"Vous n'êtes pas prêt•es !": Sandrine Rousseau amusée par le futur rôle de Marina Foïs

L'actrice Marina Foïs, maîtresse de cérémonie naux Césars 2021, ici au Festival de Cannes le 22 mai 2019 - LOIC VENANCE © 2019 AFP
L'actrice Marina Foïs, maîtresse de cérémonie naux Césars 2021, ici au Festival de Cannes le 22 mai 2019 - LOIC VENANCE © 2019 AFP

Sandrine Rousseau inspire les séries françaises. Marina Foïs incarnera dans une série de Jean-Pascal Zadi (Tout simplement noir) une personnalité politique écologiste ressemblant à la députée EELV, rapporte Vanity Fair.

Ce personnage baptisé Corinne Douannier, une candidate éco-féministe, aura comme slogan "En vert et contre tous". Elle défendra des femmes "vivantes, libres et combatives". Elle portera aussi comme Sandrine Rousseau les cheveux courts.

"On a créé notre propre monde mais je ne dirais pas qu’elle m'ait 'inspiré'", a cependant précisé Jean-Pascal Zadi à Vanity Fair.

Jean-Pascal Zadi dit d'ailleurs "bien aimer" Sandrine Rousseau, qui a réagi avec humour sur les réseaux sociaux à l'annonce: "Vous n'êtes pas prêt·es! (Moi non plus d’ailleurs)", a-t-elle écrit sur son compte Twitter en partageant l'article.

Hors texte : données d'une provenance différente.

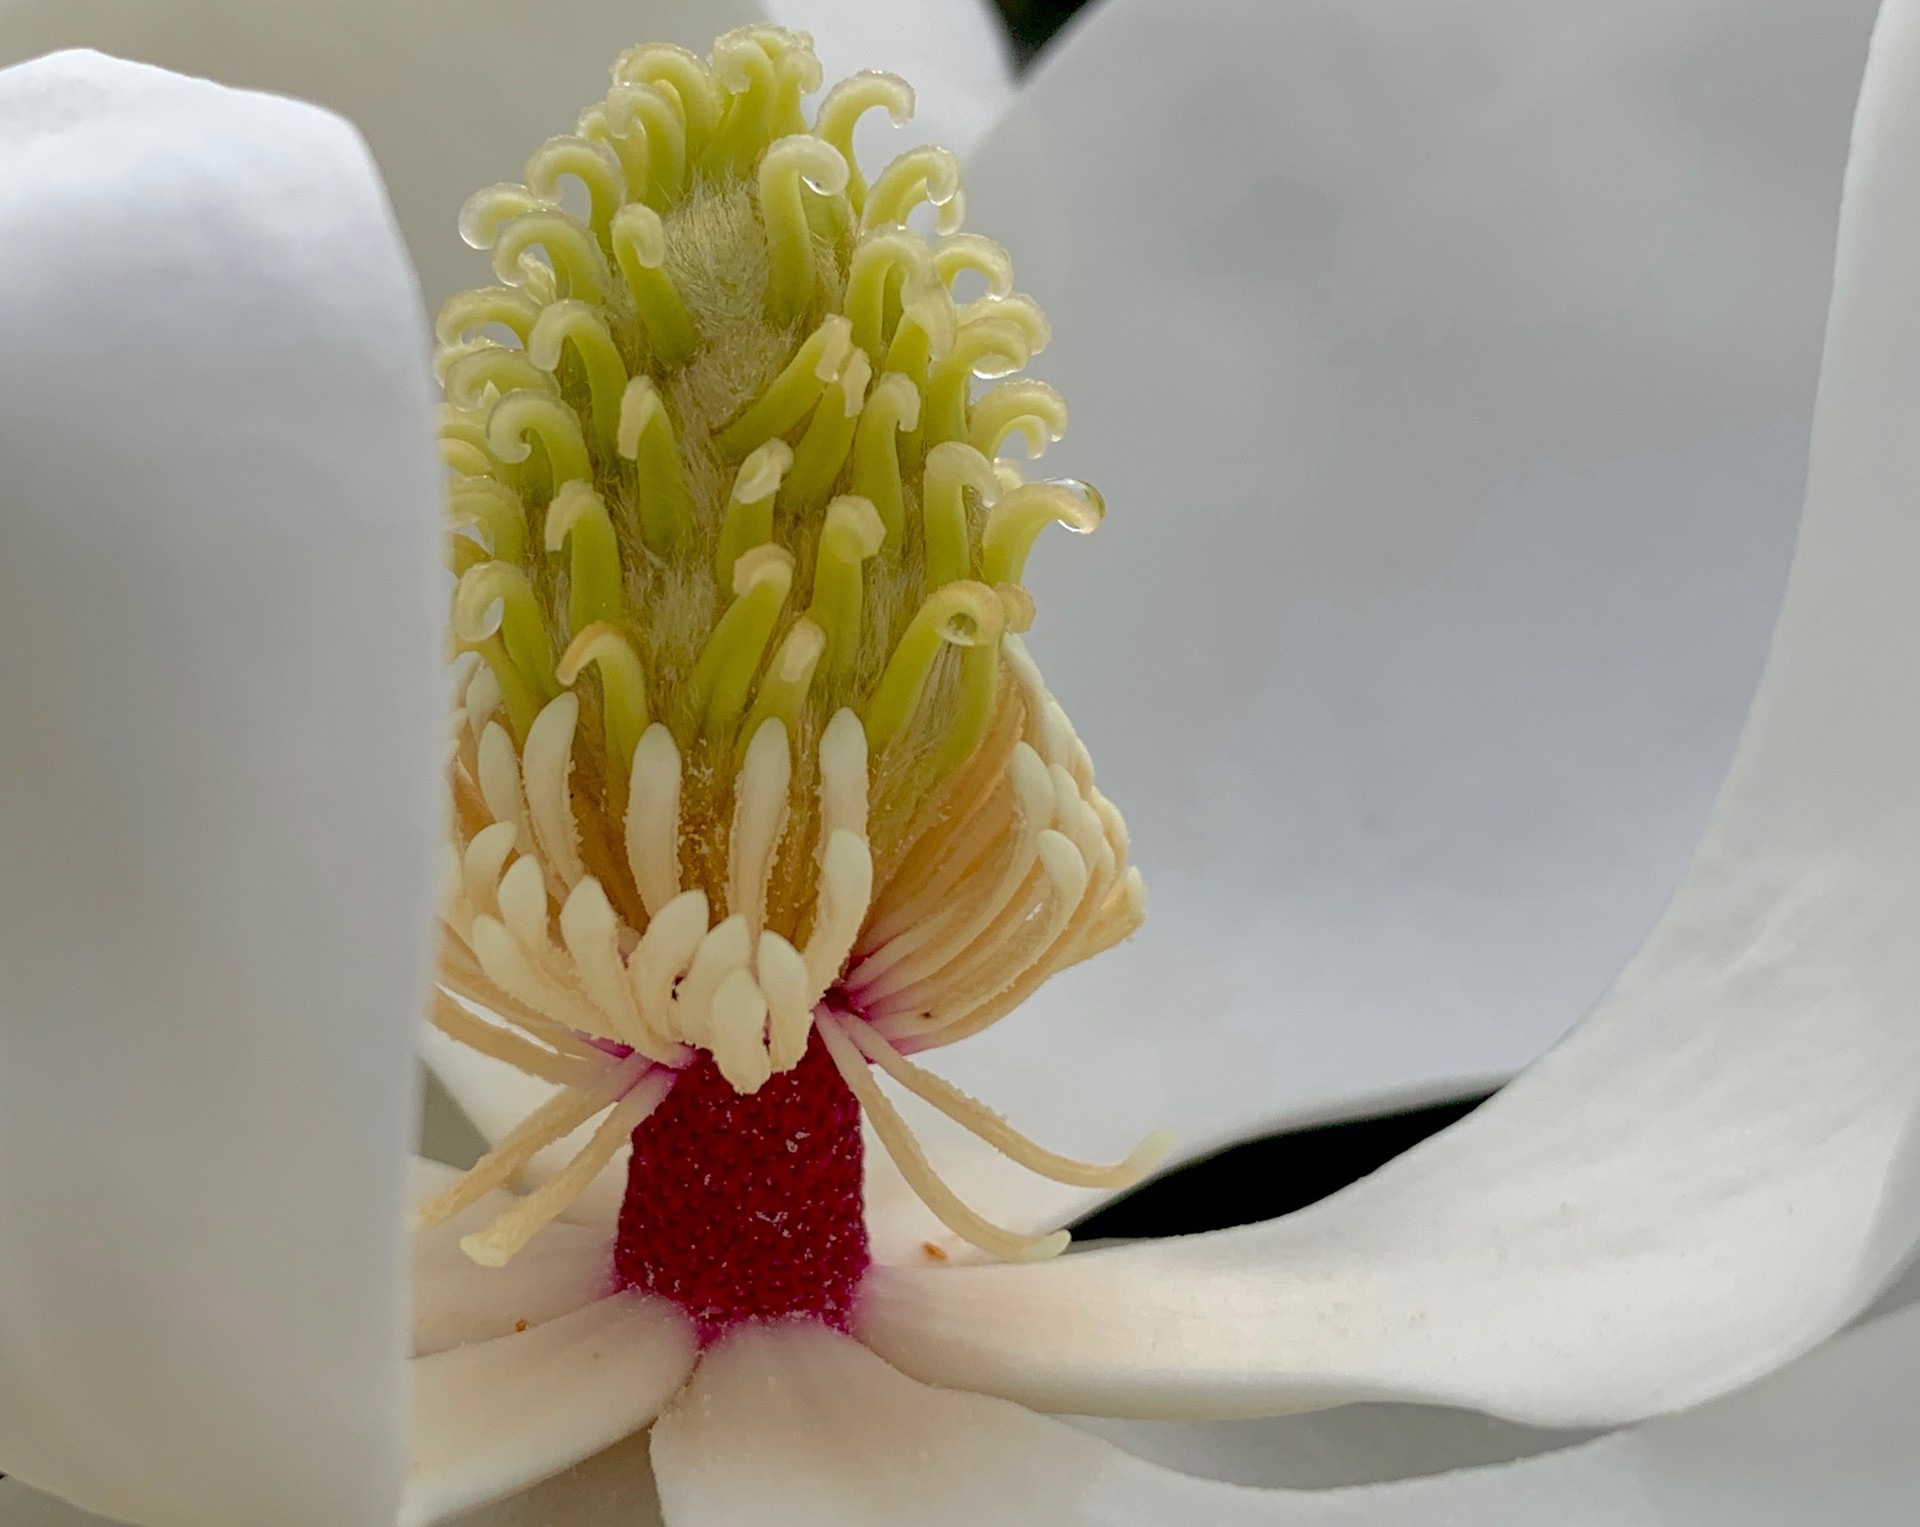 Little Gem Magnolia by Amy Kaslow

"Vraiment content" du résultat

Prévu pour 2023, cette série produite par Netflix mettra en scène Jean-Pascal Zadi dans le rôle d'une éducateur propulsé candidat à l'élection présidentielle. "Évidemment, il ne connaît pas la politique, il a des potes relous, il a un passé lourd et il va mettre les pieds dans le plat", avait raconté à BFMTV Jean-Pascal Zadi.

L'humoriste, qui donnera la réplique à Benoît Poelvoorde, Fary, Éric Judor et Fadily Camara, est "vraiment content" du résultat: "Il y a dedans un message fort, qui me tient à cœur. Il ne faut pas rêver petit, mais rêver grand. On a notre place partout. On est légitime partout. Il faut juste avoir confiance en soi. Rester soi-même."

Jean-Pascal Zadi salue la liberté offerte par la plateforme de streaming: "On est allé dans des trucs bien 'border' et Netflix a laissé passer. Je suis hyper content d'avoir été aussi libre dans le ton."